About Us--Royal Court
"Queen" Kimberly West from the kingdoms of The Castle and The Circus, is the founder of Personality-Ville®, which is headquartered in Southern California.
Kimberly has been delighting audiences for years teaching people the empowering knowledge of understanding personality styles. She has created a whole treasure map kingdom, including animated characters like the Dragons of Defects!
She said with a smile about her royal title, "After years of creating a whole kingdom with over twelve characters, it's been a labor-of-love, so the only title that seemed right was, the Queen Mother of Personality-Ville."
She has a background in teaching, counseling, English and elementary-school tutoring, cash management/finance, and marketing. She has been awarded an inclusion in Who's Who in the West 1986, for being the only woman and youngest executive of AM International, a former Fortune 500 company and Architectural Digest. (Something a typical Castle person would do at only 26! Marquis Who's Who included under "Kimberly Ann Herbener.")
After surviving being hit by three drunk-drivers in one month several years ago, it aggravated a heart condition that increasingly zapped Kimberly's energy. She now works part-time and because of this "different ability," she was awarded an Iowa Entrepreneurs with Disabilities grant. Her drive and ambition are still the same.

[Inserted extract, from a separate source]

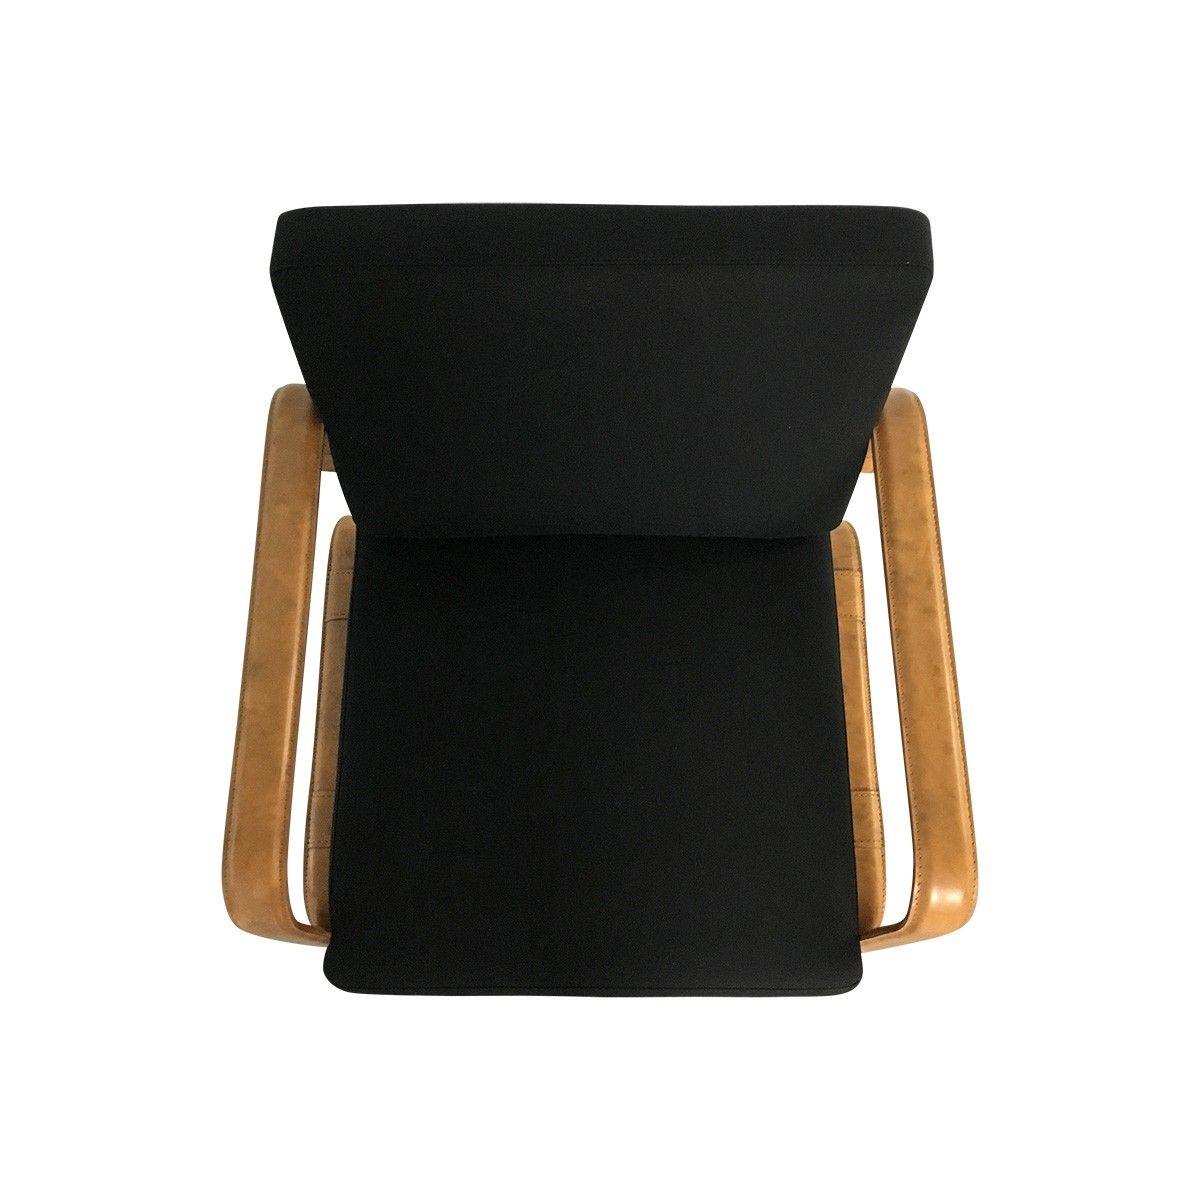 Desk Chair Plan View Nautical Outdoor Cushions Img 1572 1 Jpg 12001200 Top Pinterest Ps
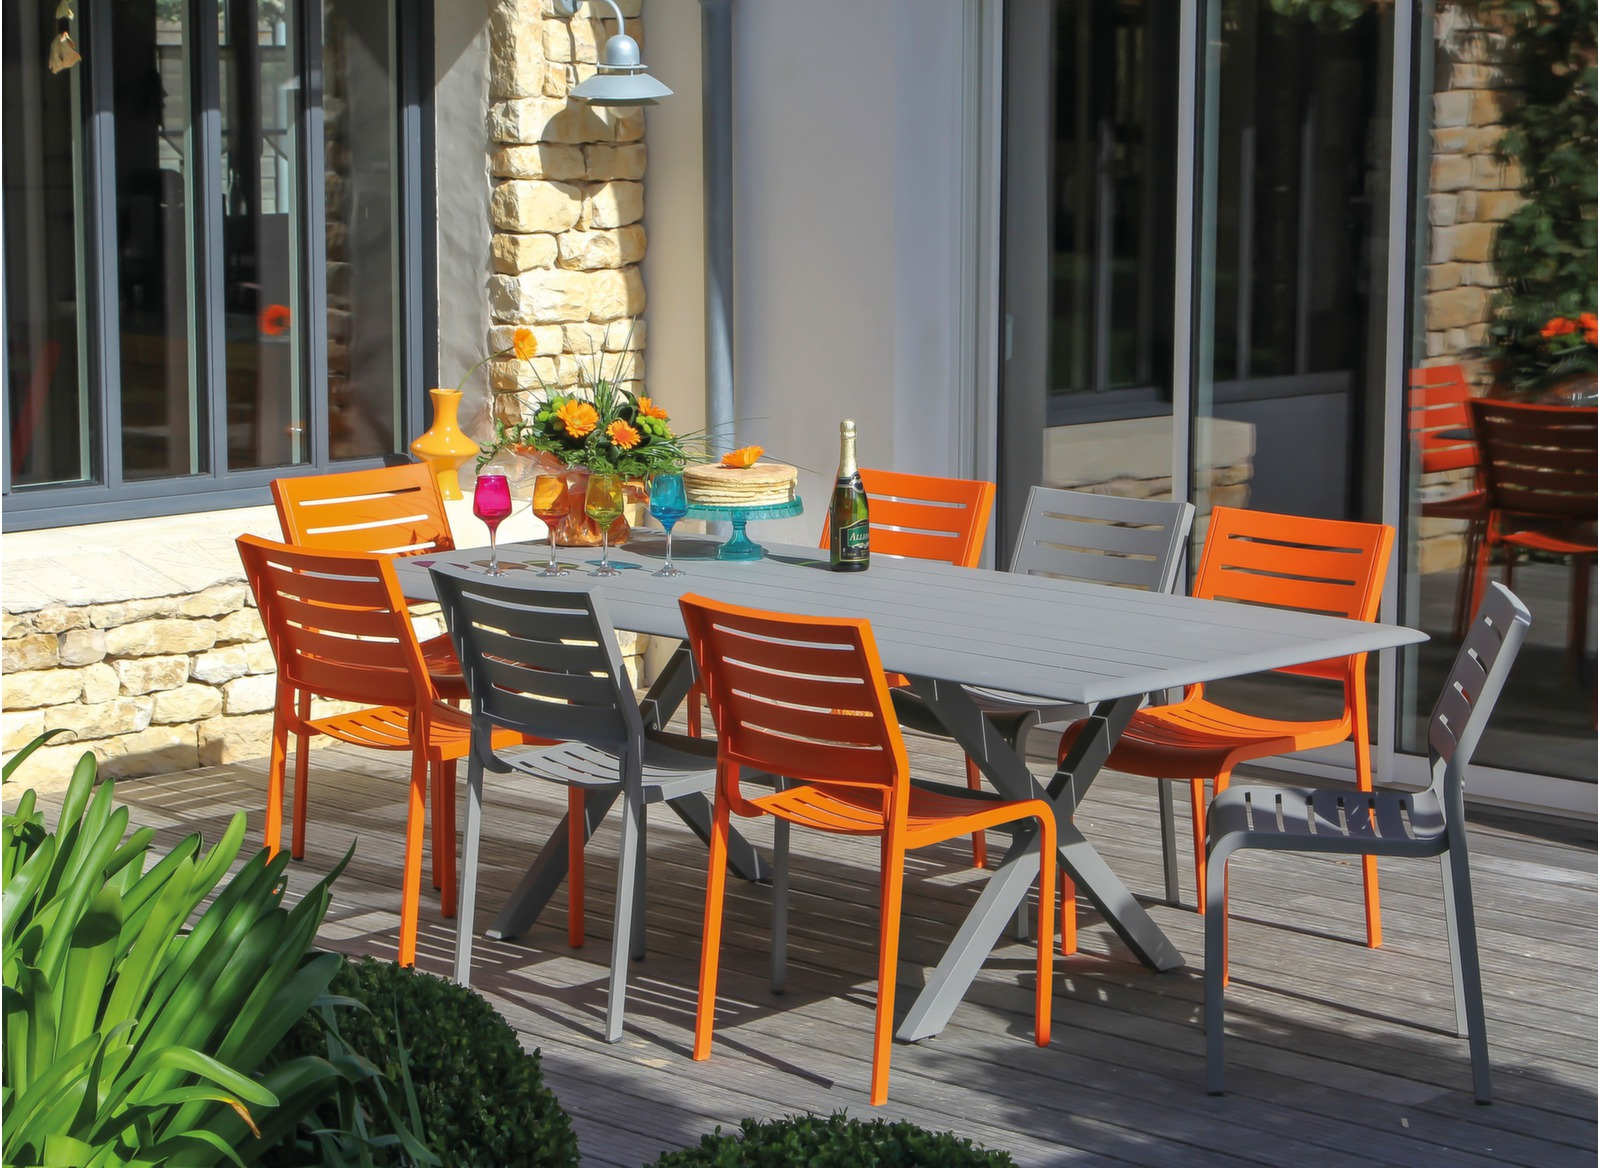 Chaise de jardin belhara promotions meubles de jardin for Salon de jardin couleur

It was because of her desire to continue to work, she came up with creative ways to adjust to her condition, thus her unique seminars were born.
"I speak occasionally now while I am focused on creating a new online personality assessment that involves a game-like animated map user interface. I am open to partners for this new venture. Other products in development: books, DVDs, CDs, speaker training, and other fun items," she said.
She is an involved person who enjoys helping her community and bringing diverse people together. She is a former Tournament of Roses member, FAME choir member, and South African ballroom dance advocate.
Personality-Ville Mission: celebrate, honor, encourage, and unite ALL personality temperament styles (esp. young people)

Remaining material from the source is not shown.